А однажды в лагерь пришли Данута и Ванда и начали давать первые уроки антифашизма немецким военнопленным. Одной из них было семьдесят четыре года, другой - сорок; одна знала Ленина и Розу Люксембург, была еврейкой, входила в состав прежнего польского ЦК; другая нелегально жила в Берлине, объездила в качестве курьера с чужими паспортами весь мир, часто вспоминала о довоенном кафе "У вдовы Цунца"; одна придавала большое значение пению и яростно взмахивала своей хозяйственной сумкой, когда в "Варшавянке" не звучали как надо "вихри враждебные"; другая утверждала, что человек только тогда перестает быть обезьяной, когда по-настоящему поймет "Капитал"; одна доставала для них обувь в Красном Кресте, другая клялась, что Международный Красный Крест - не что иное, как плохо замаскированное гнездо агентов империализма, но тем не менее сумела раздобыть в варшавском филиале этого общества у его председателя-швейцарца, "доброго дяденьки", пятьсот Библий, отпечатанных на тончайшей бумаге, и уверила их, что бог не будет иметь ничего против, если эту бумагу они пустят на самокрутки. Одна ругала Роберта за то, что он портит Гейне неправильной интонацией, и переводила для него Мицкевича, а другая показала ему, как надо писать передовую статью и обращаться с ротатором. Одну звали Данута Авербах, другую - Ванда Зайонц; у обеих при всей придирчивости было почти необъяснимое терпение, и позднее, когда Роберт встречал какого-нибудь учителя или учительницу, он невольно сопоставлял их с собирательным образом Ванды и Дануты и утаивать от себя результат этого сопоставления считал просто несправедливым.
Но у Нусбанка не было с ними ничего общего.
Он был педант и одновременно расточитель, болтун и любитель из всего делать тайну, тиран и трус, революционер и обыватель и при всем том еще комедиант - в общем, весьма жалкий заместитель Пауля Исваля.
Нусбанк был в последние годы Веймарской республики функционером в правлении одного коммунистического жилищного товарищества; вскоре после фашистского переворота он поступил на работу в нацистское жилищное управление. За год до войны гестапо упекло его в Заксенхаузен, так как в его доме был арестован подпольщик.
Роберт всегда сопротивлялся соблазну приуменьшить подвиг солидарности, совершенный Нусбанком; для такого поступка требовалось не так уж мало, и он знал, по какому счету пришлось расплачиваться Нусбанку.

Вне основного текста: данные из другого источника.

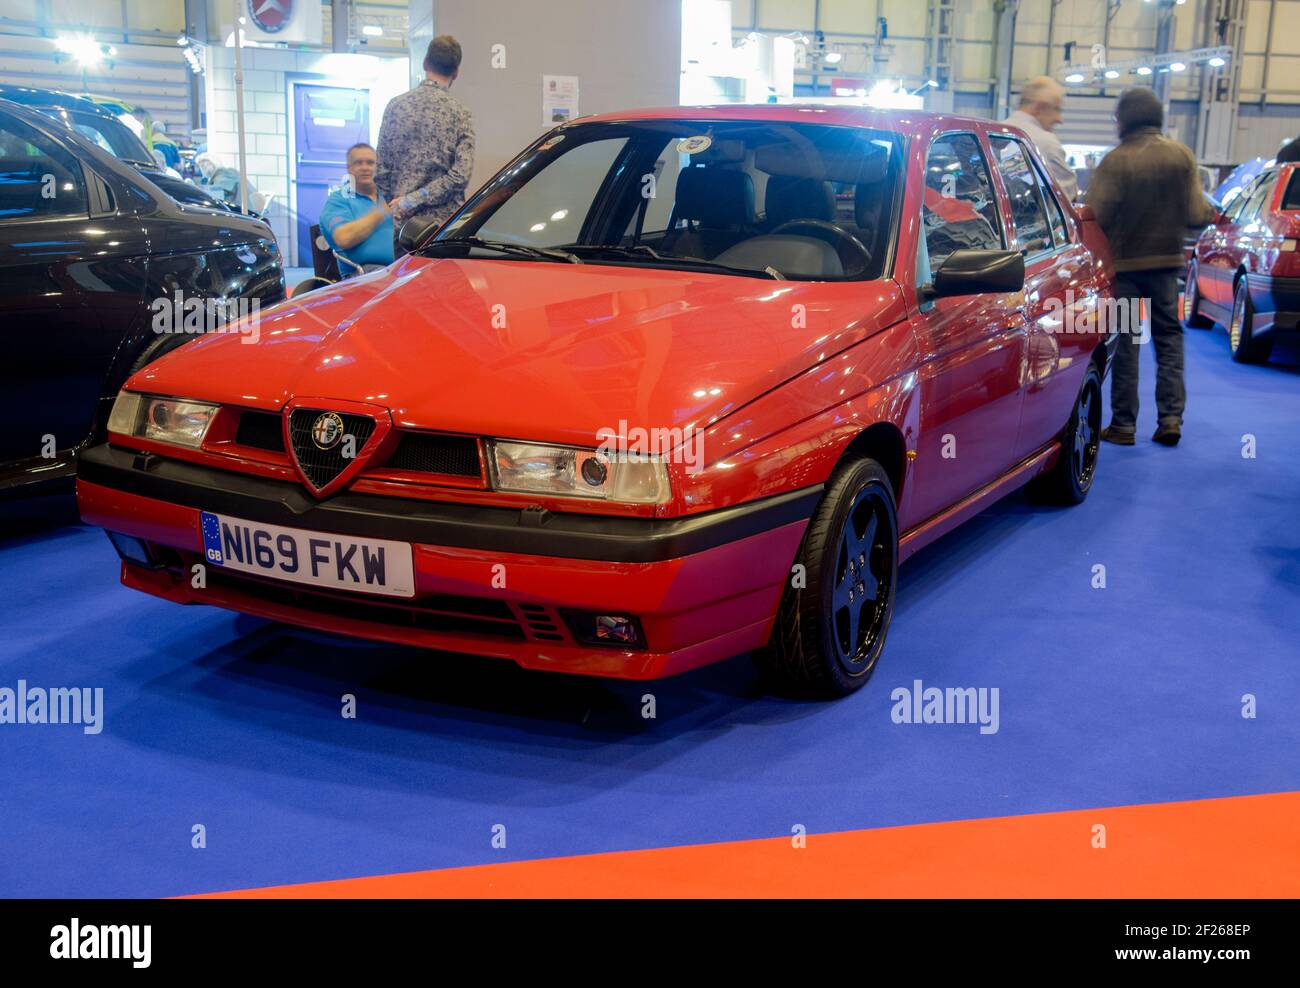 Alfa Romeo 155 - Cars on show at the NEC Classic Car Show, UK Stock Photo

Но Нусбанк держался так, что уважение к нему не могло быть прочным и длительным.
Когда Роберт впервые встретился с этим человеком, занявшим место его отца, ему было, среди многочисленных рукопожатий и похлопываний по плечу, неоднократно повторено, что отныне не следует забывать главного: теперь он сын всеми уважаемого представителя нового порядка и ему необходимо извлечь уроки из фашистского прошлого вообще, и прежде всего из своего фашистского прошлого.
Затем Нусбанк предложил ему прогуляться вместе по городку Парену. Нусбанк знал здесь почти каждого и почти каждому представлял Роберта, всякий раз повторяя одну и ту же тираду: хотя у него с сыном и не было в прошлом никаких точек соприкосновения, в будущем они непременно изменят это положение, о чем уж позаботится он, как отец, да и сын принес с собой из плена определенные предпосылки для этого, о развитии которых уж он, как отец, позаботится. Нусбанк собирался также позаботиться о развитии города Парена, и, по его словам, получалось, что в самые ближайшие годы городок станет таким, что им могло бы гордиться даже коммунистическое жилищное товарищество, в котором Нусбанк был функционером в годы Веймарской республики, и если только Роберт его верно понял, то в довольно короткий срок Парен будет называться уже не Пареном, а Нусбанкштадтом.
Поучениям Нусбанка, его предупреждениям и заклинаниям, казалось, конца не будет. Он не одобрял медные пуговицы на старом кителе Роберта и его английский покрой; по его мнению, это могло быть воспринято советскими друзьями в городе как провокация. И он тут же разъяснял членам семьи черты новейшей британской политики на Ближнем Востоке. Он критиковал чересчур соблазнительную походку соседской домработницы и считал своим долгом поставить Роберта в известность об опасностях, которые таят в себе случайные половые связи. Прическа его напоминала стрижку прусского унтер-офицера, а Роберт, разумеется, стригся не так, как надо, и это придавало ему сходство с космополитом, а космополитизм, как известно, - оборотная сторона шовинизма, и высказывание Гёте по этому поводу понимается обычно совершенно неверно, да и вообще у Гёте было много разных причуд.
Первый скандал разразился уже через неделю: Нусбанку не понравилось, что Роберт опять ищет место электрика, он хотел устроить его на работу в жилищное управление, потому что еще Горький говорил, что жилищем можно убить человека, словно топором, а сейчас речь как раз и идет о распределении топоров и о том, чтобы дело это попало в действительно прогрессивные руки. Жилище - это же не просто местожительство человека, это прежде всего среда, часть среды, а следовательно, часть материального существования, бытия, а бытие, как известно, определяет сознание, формирует человека - ура, ура, да здравствует!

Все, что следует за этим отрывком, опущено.